*** EXERCISE INPUTS ***
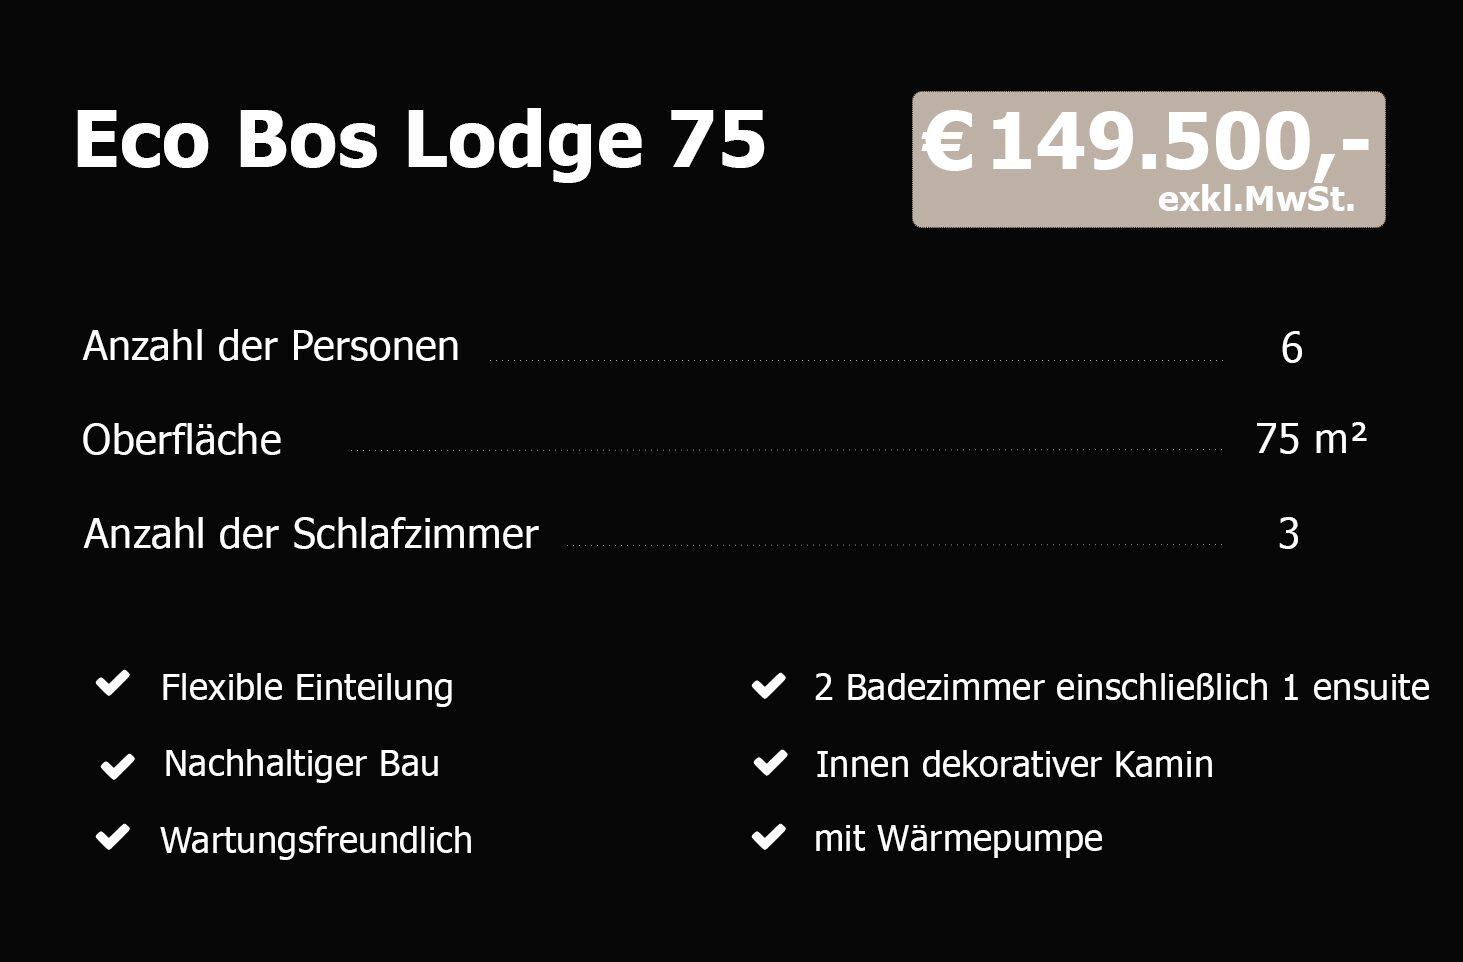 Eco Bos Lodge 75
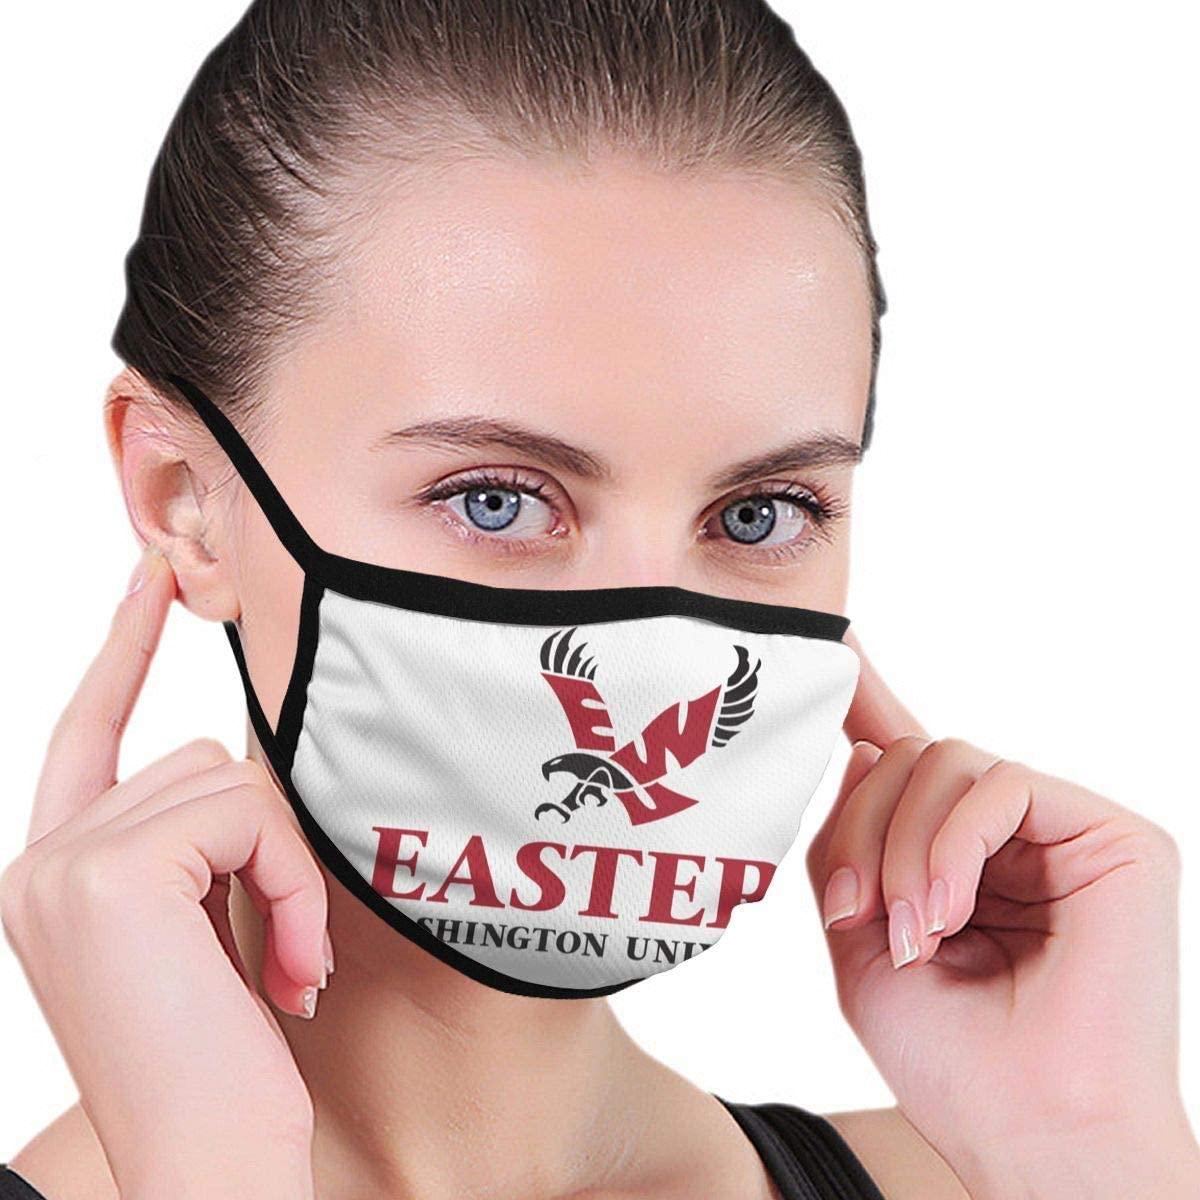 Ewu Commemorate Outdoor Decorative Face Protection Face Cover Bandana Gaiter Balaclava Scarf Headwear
*** End of EXERCISE INPUTS ***
*** EXERCISE INPUTS ***
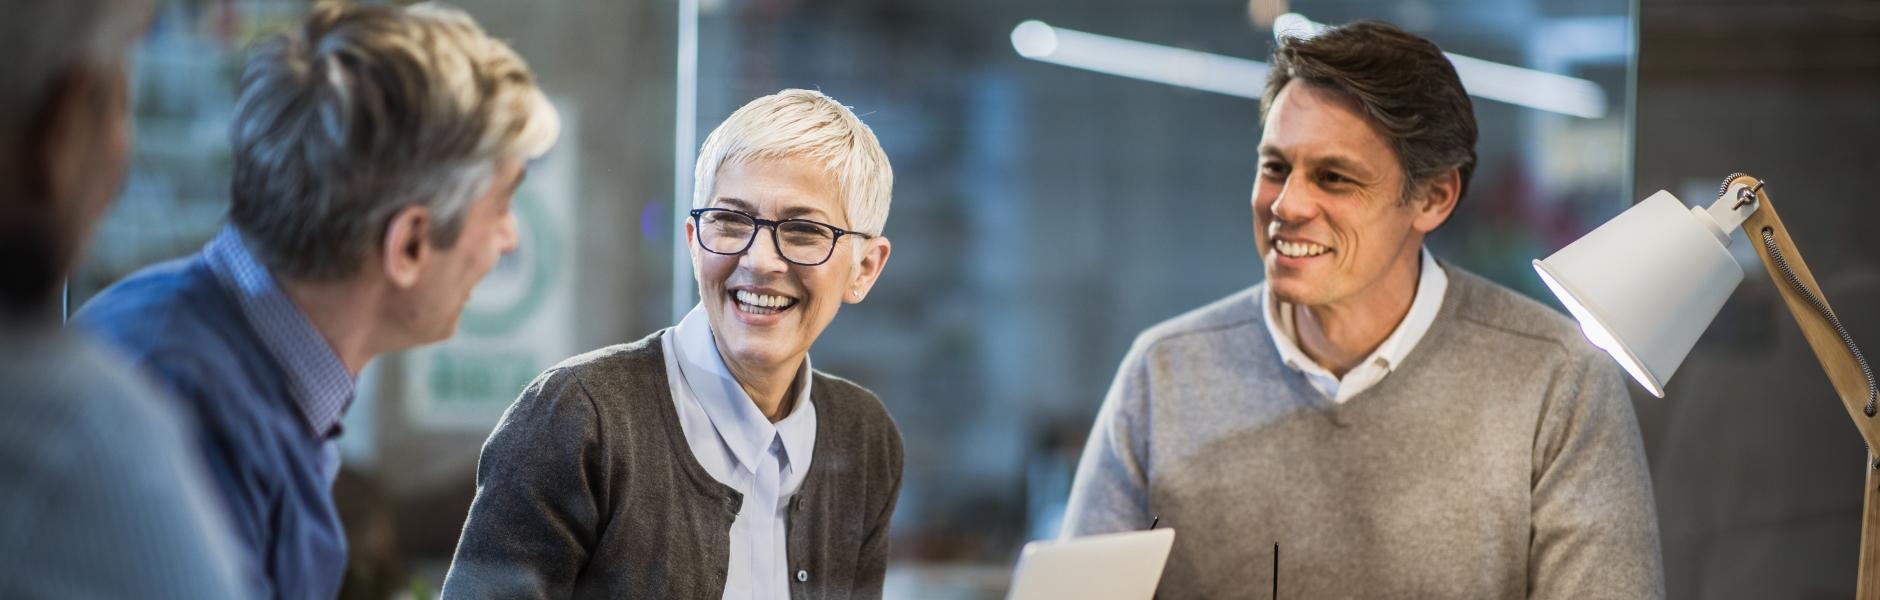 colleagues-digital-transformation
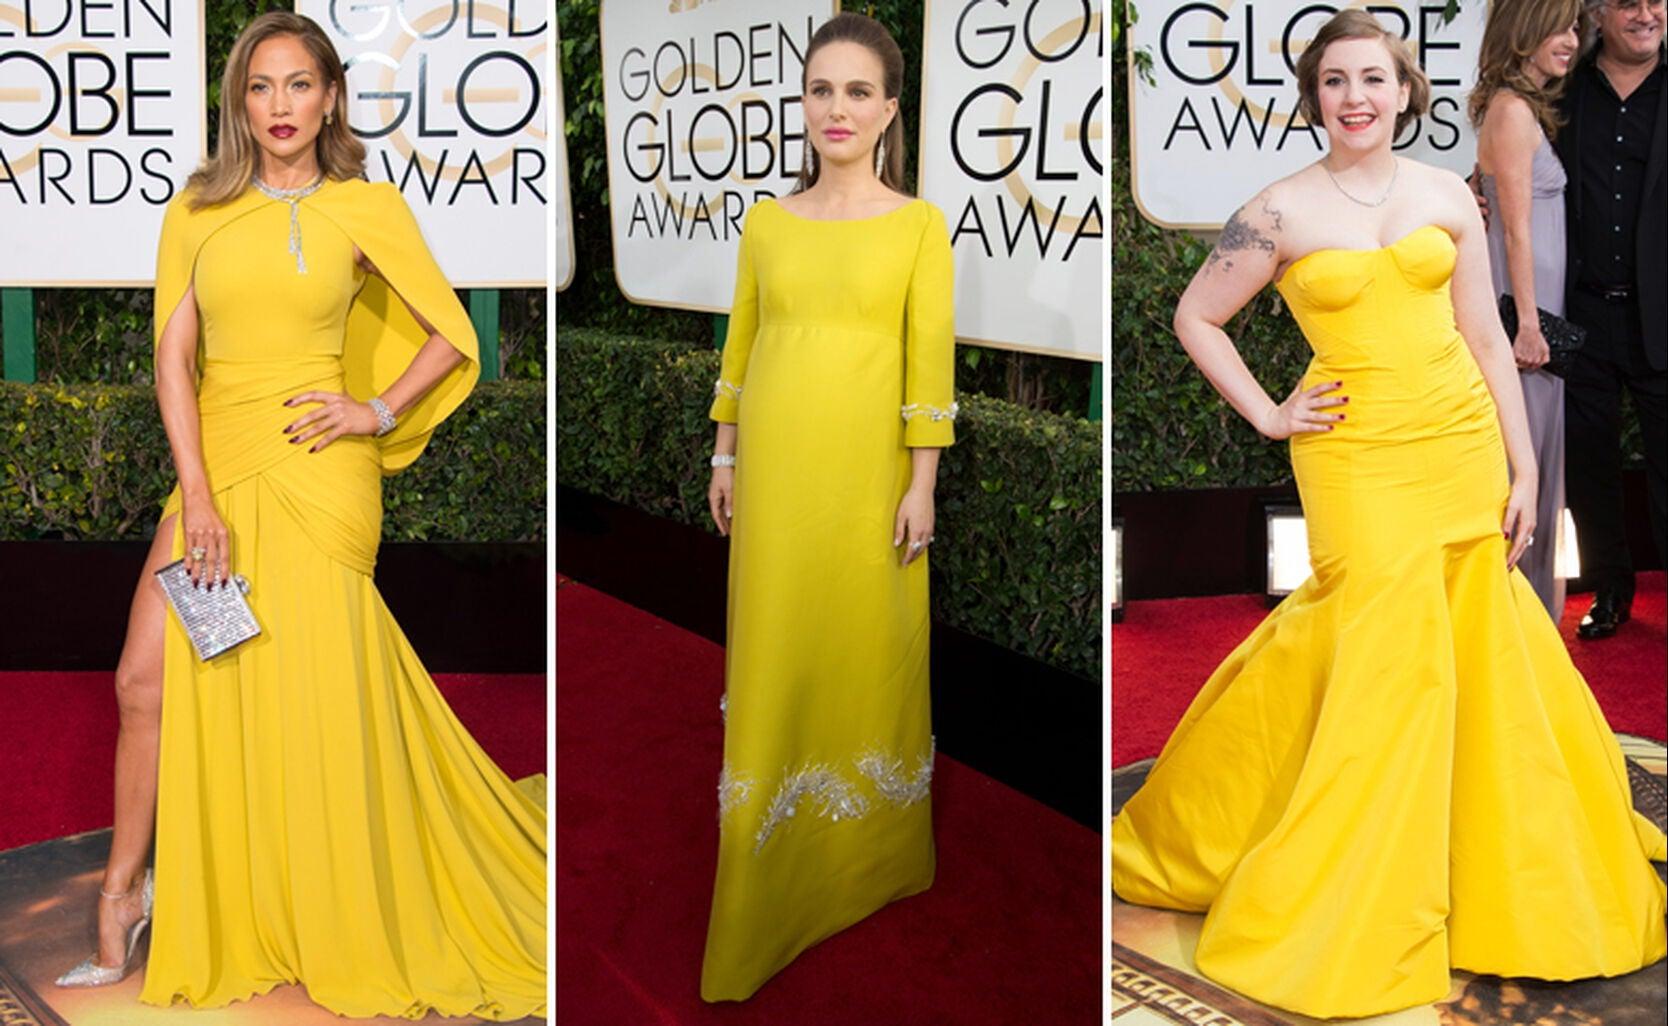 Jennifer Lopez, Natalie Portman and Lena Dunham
*** End of EXERCISE INPUTS ***
YOUR ASSIGNMENT. Using the entries above, transcribe every line from the line containing "Eco Bos Lodge 75" through the line containing "Ewu Commemorate Outdoor". Do not copy pictures.

SOLUTION BELOW.
 Eco Bos Lodge 75
 Ewu Commemorate Outdoor Decorative Face Protection Face Cover Bandana Gaiter Balaclava Scarf Headwear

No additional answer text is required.